December 26, 2010
Wallace is working at the Strand again today when I go to return the book. The glare he turns in my direction tells me he's heard Veronica's side of the story. I'm not winning friends there. He follows me back to the stacks and snatches the book out of my hand before I can return it to the shelves.
"Man, please. I need to get it to her." My eyes are pleading.
He shakes his head stubbornly. "No. She doesn't want to talk to you. Didn't you do enough damage already?"
"It was a misunderstanding. If she reads my note, she'll understand. I hate that I hurt her, but it wasn't intentional. My ex attacked me. That kiss, it wasn't consensual. I only want Veronica." I put my hands together, begging him.

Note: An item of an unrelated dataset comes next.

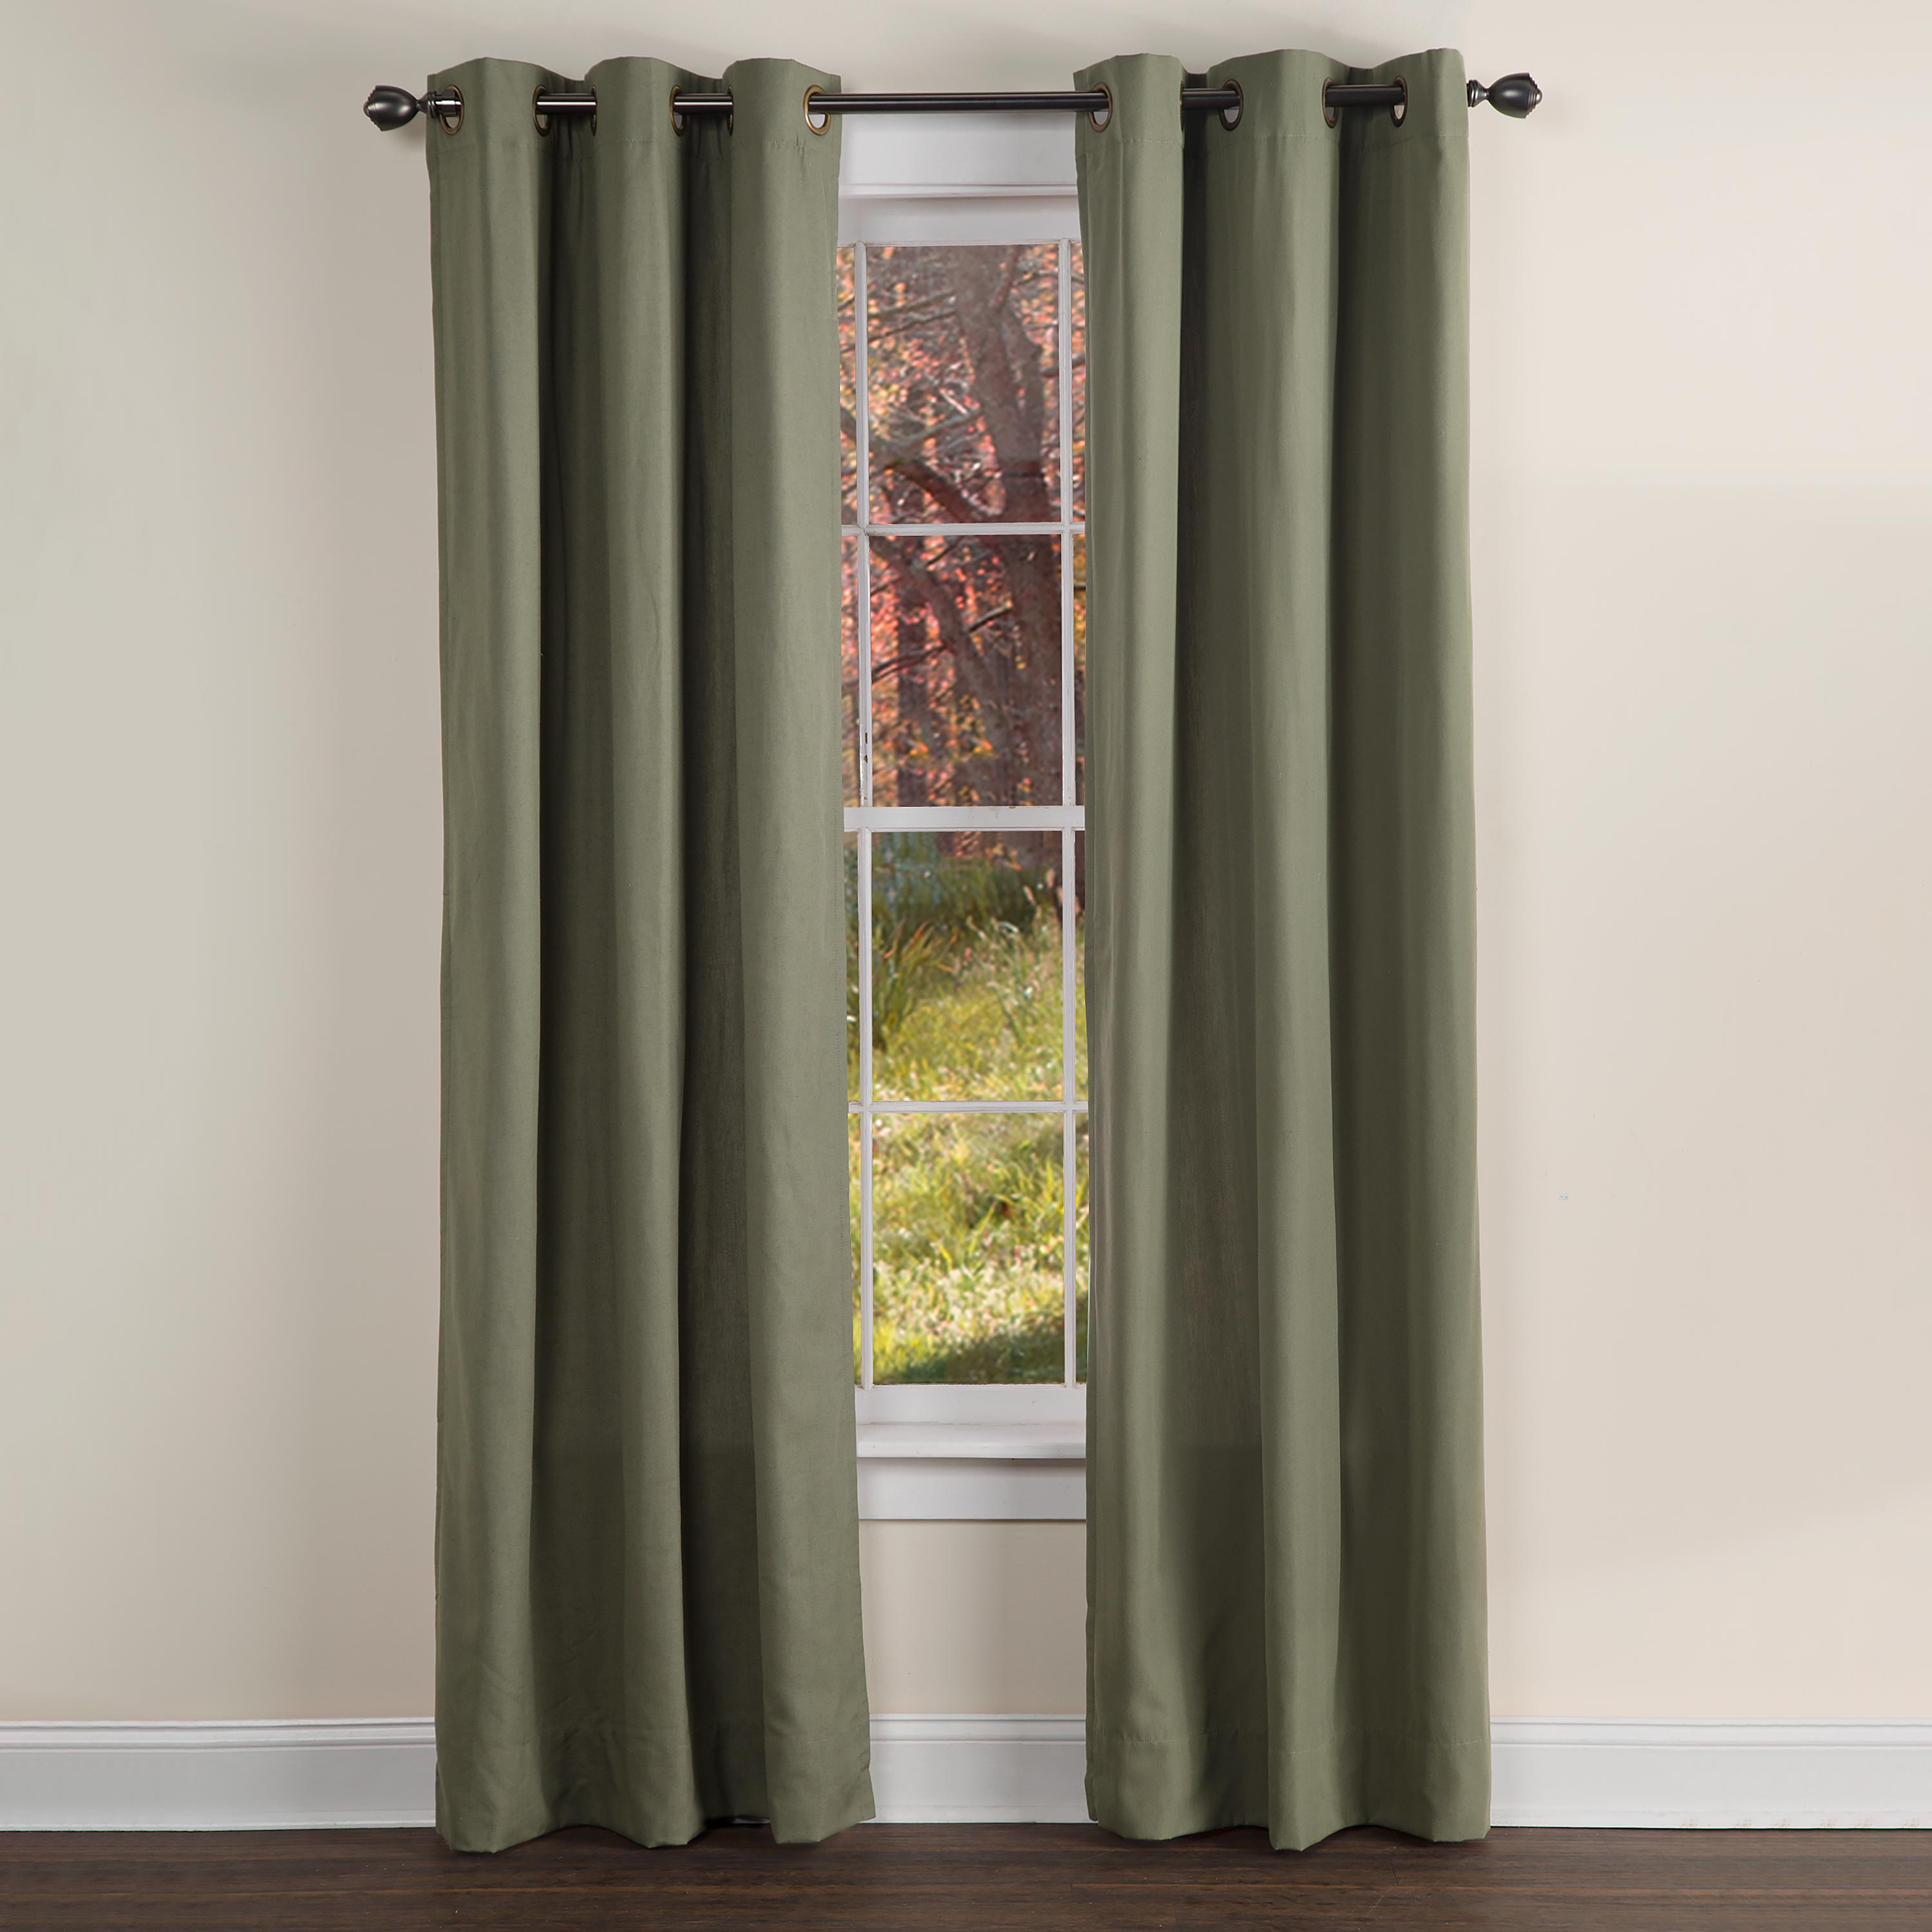 Homespun Grommet-Top Insulated Curtain, 84"L - Moss

I can see when he starts to relent, his gaze softening. "Please. I love her." It's a gamble admitting this truth to a guy I don't know about a girl I've barely met.
Wallace raises an eyebrow, but nods his head. "I'll give it to her, but I can't guarantee that anything will come of it. Once bitten, twice shy that girl is."
"Thank you. A chance, that's all I ask." Wallace laughs at my earnest expression. Not wanting to do or say anything to change his mind, I head for the door.
"Hey, Logan?" Wallace calls out to me and I turn my hand on the door handle. I raise an eyebrow, waiting for him to continue. "If you hurt her again, I'll hurt you."
"If I hurt her again, you won't have to, I'll do it myself."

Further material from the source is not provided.